[SOURCE MATERIAL Boundary: Start]

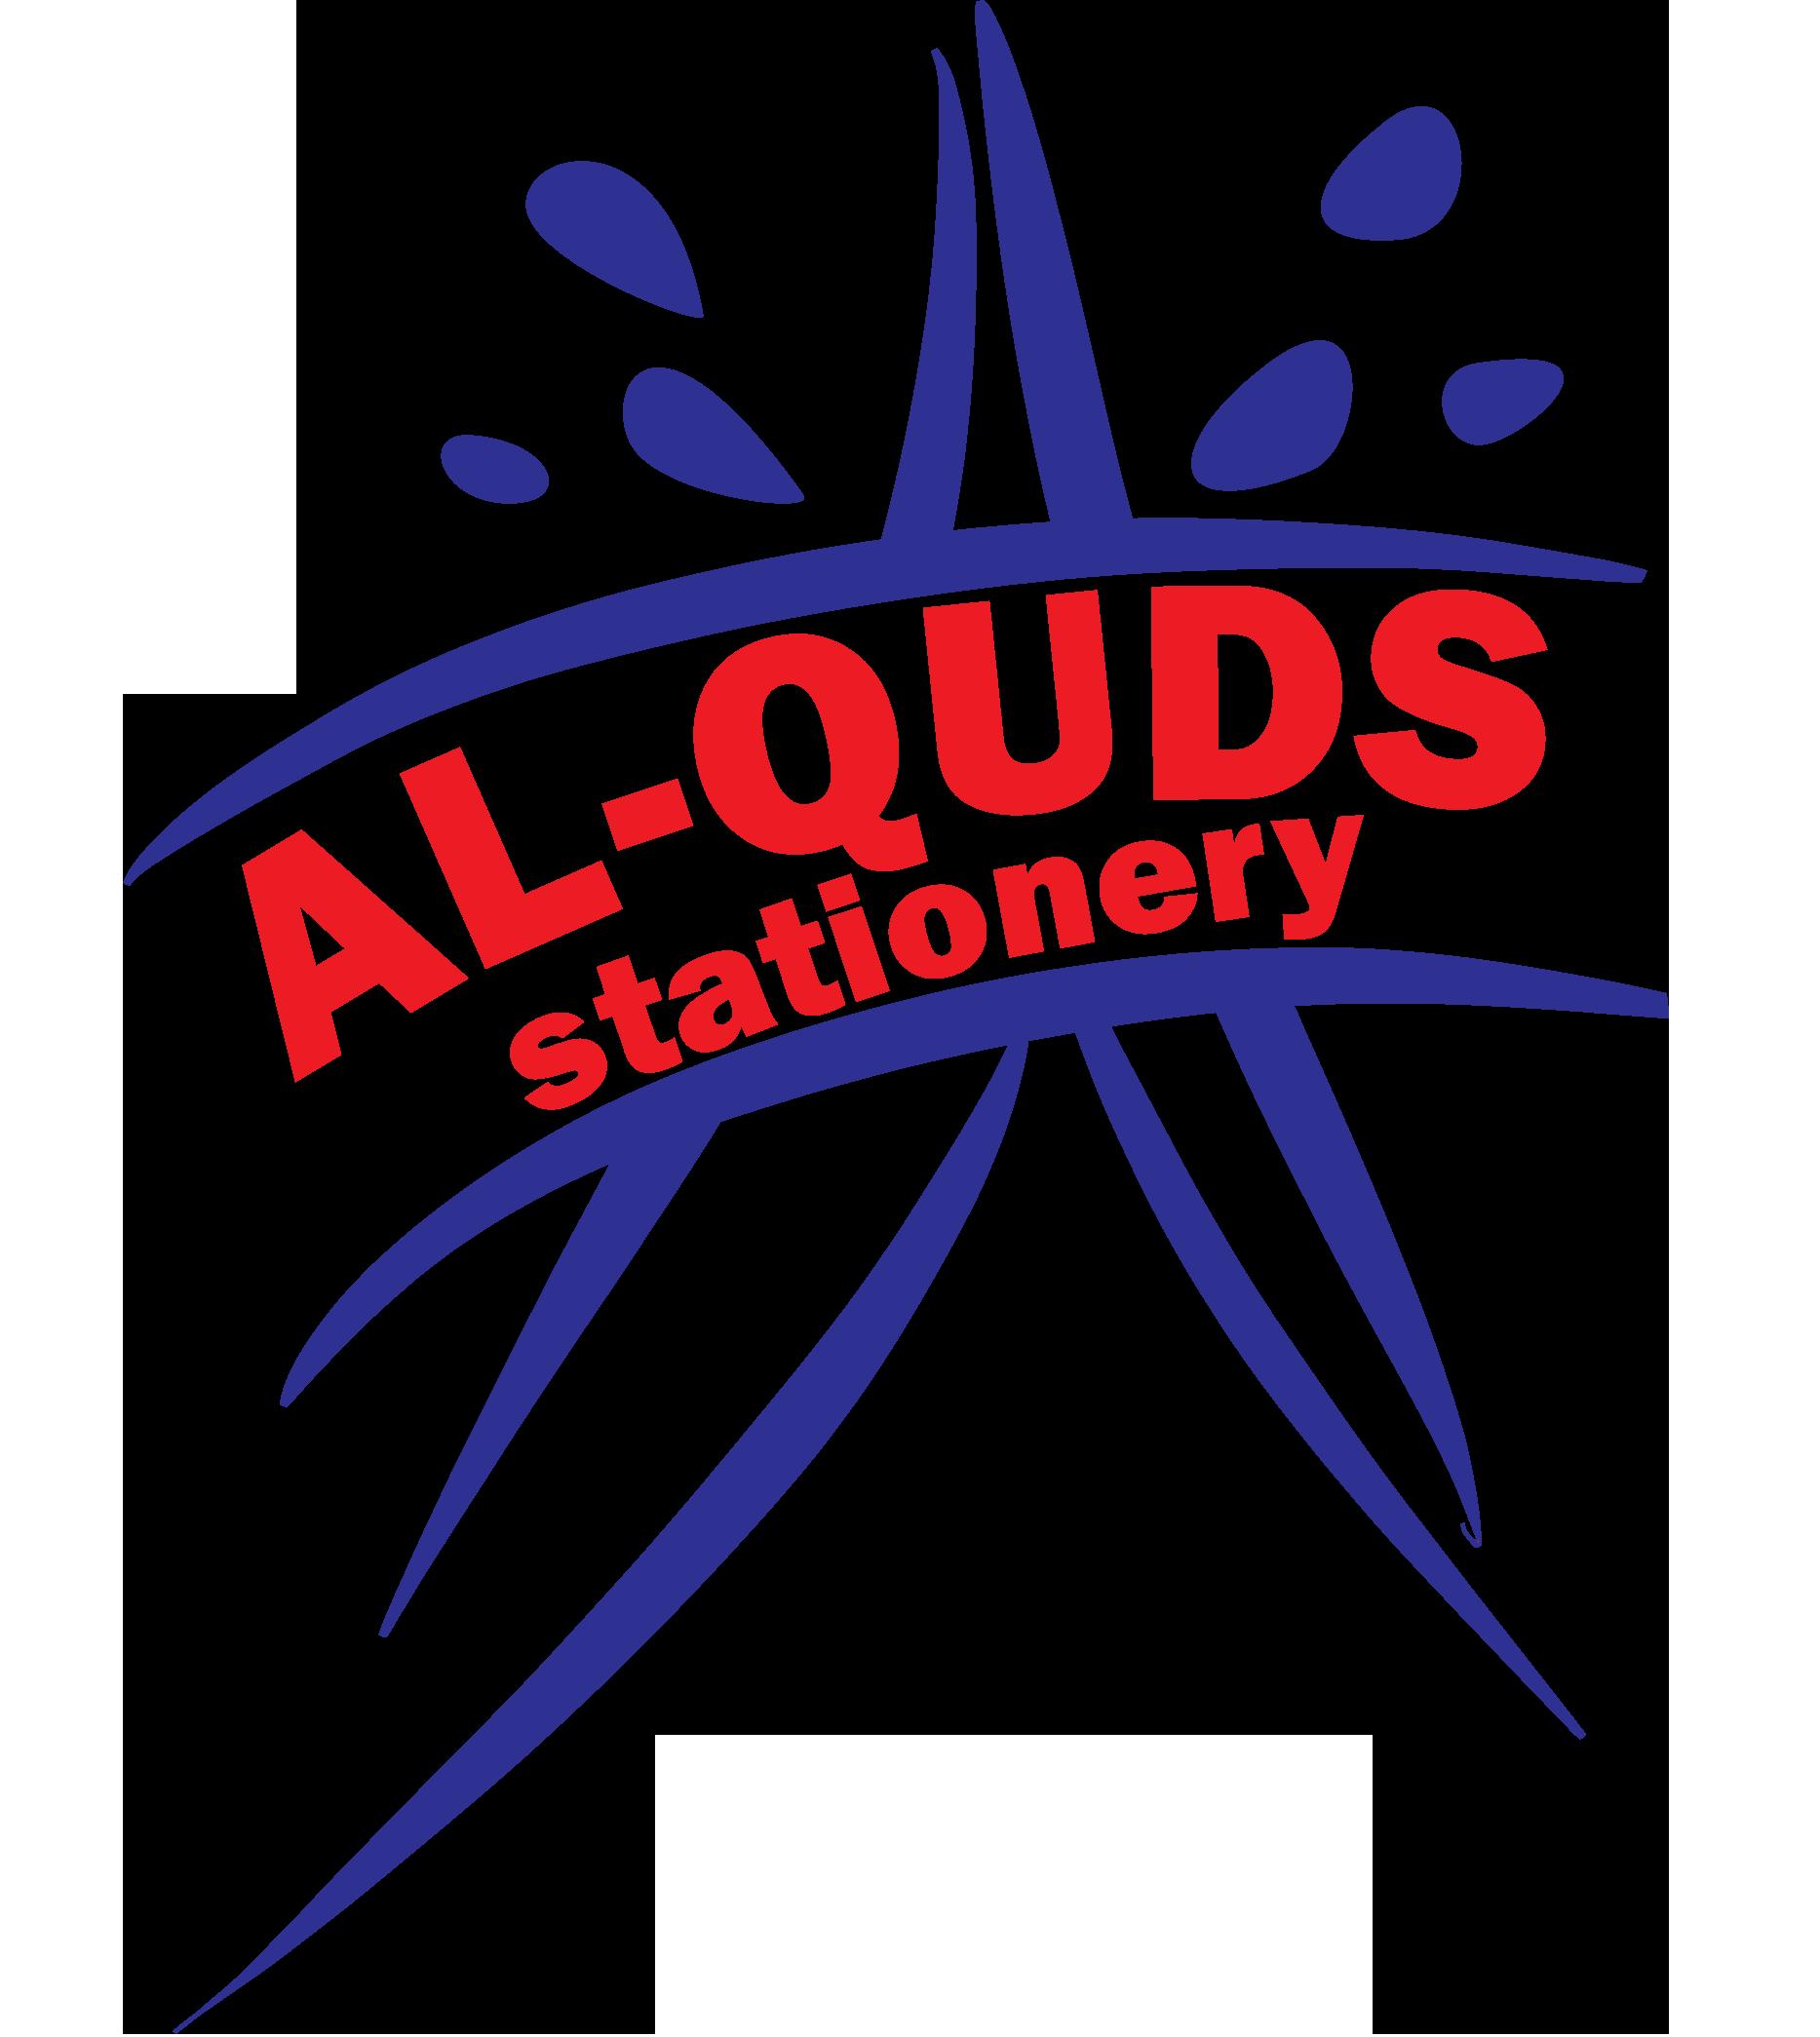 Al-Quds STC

[SOURCE MATERIAL Boundary: End]
[SOURCE MATERIAL Boundary: Start]

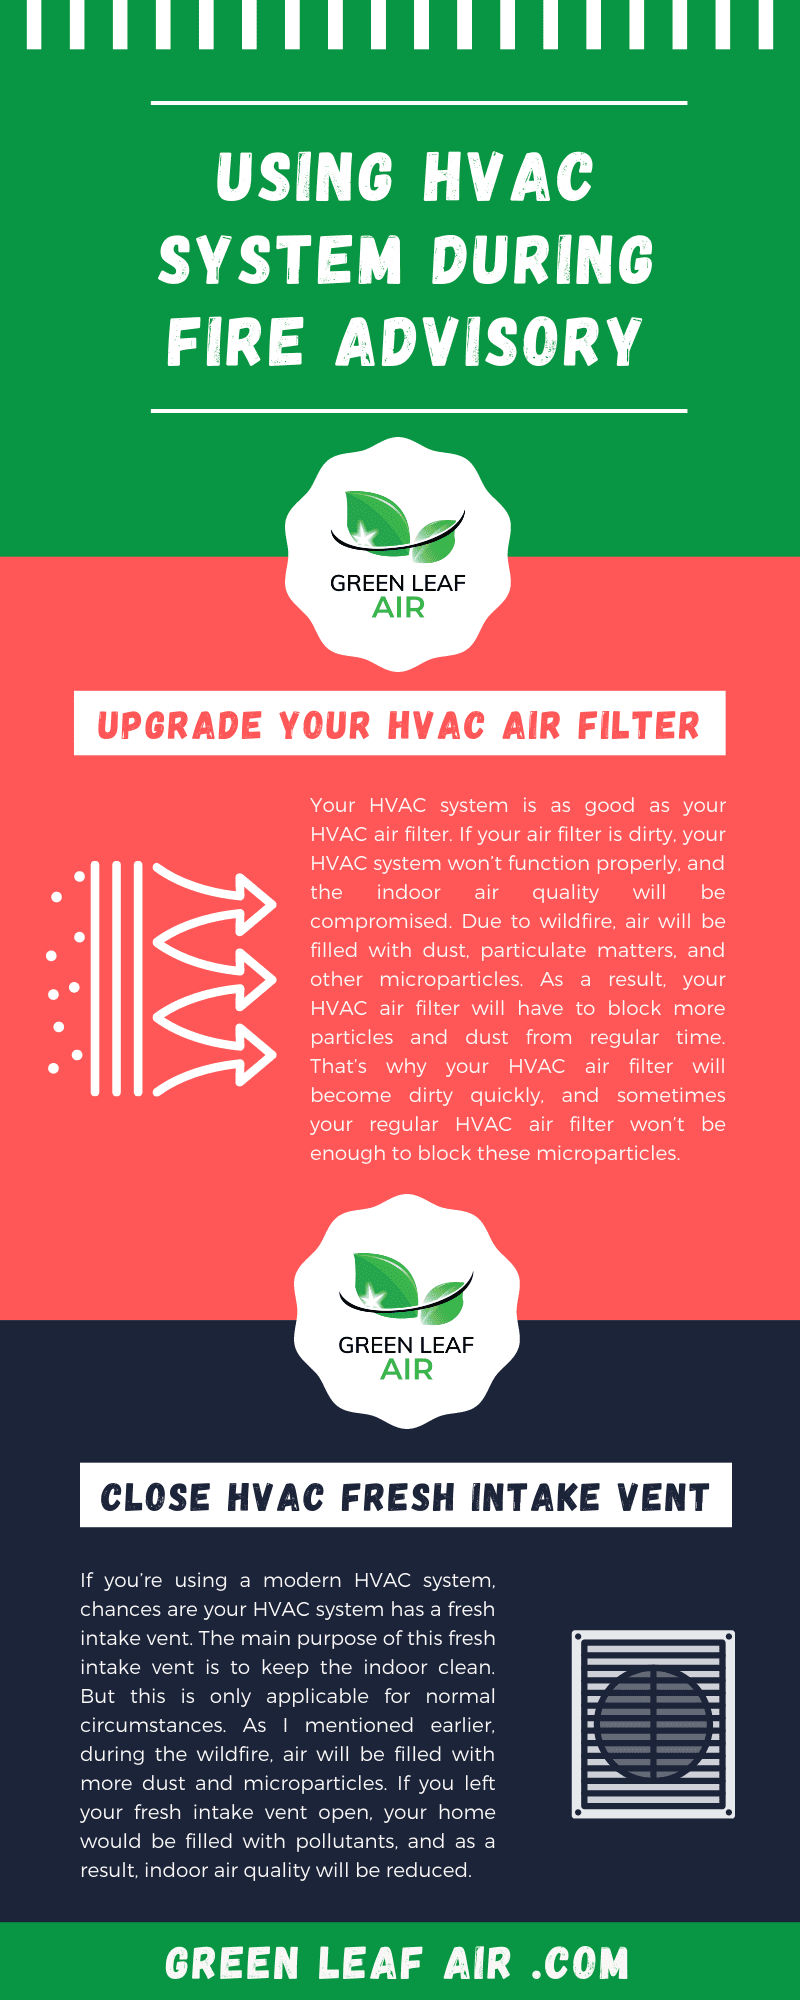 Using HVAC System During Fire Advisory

[SOURCE MATERIAL Boundary: End]
[SOURCE MATERIAL Boundary: Start]

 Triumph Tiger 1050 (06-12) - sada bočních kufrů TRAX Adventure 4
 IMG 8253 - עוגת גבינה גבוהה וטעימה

[SOURCE MATERIAL Boundary: End]

INSTRUCTIONS TO FOLLOW: For this exercise, output exactly the lines above from the line with "Triumph Tiger 1050" to the line with "IMG 8253 - עוגת גבינה גבוהה וטעימה", counting both, and leave out the rest.

REPLY:
 Triumph Tiger 1050 (06-12) - sada bočních kufrů TRAX Adventure 4
 IMG 8253 - עוגת גבינה גבוהה וטעימה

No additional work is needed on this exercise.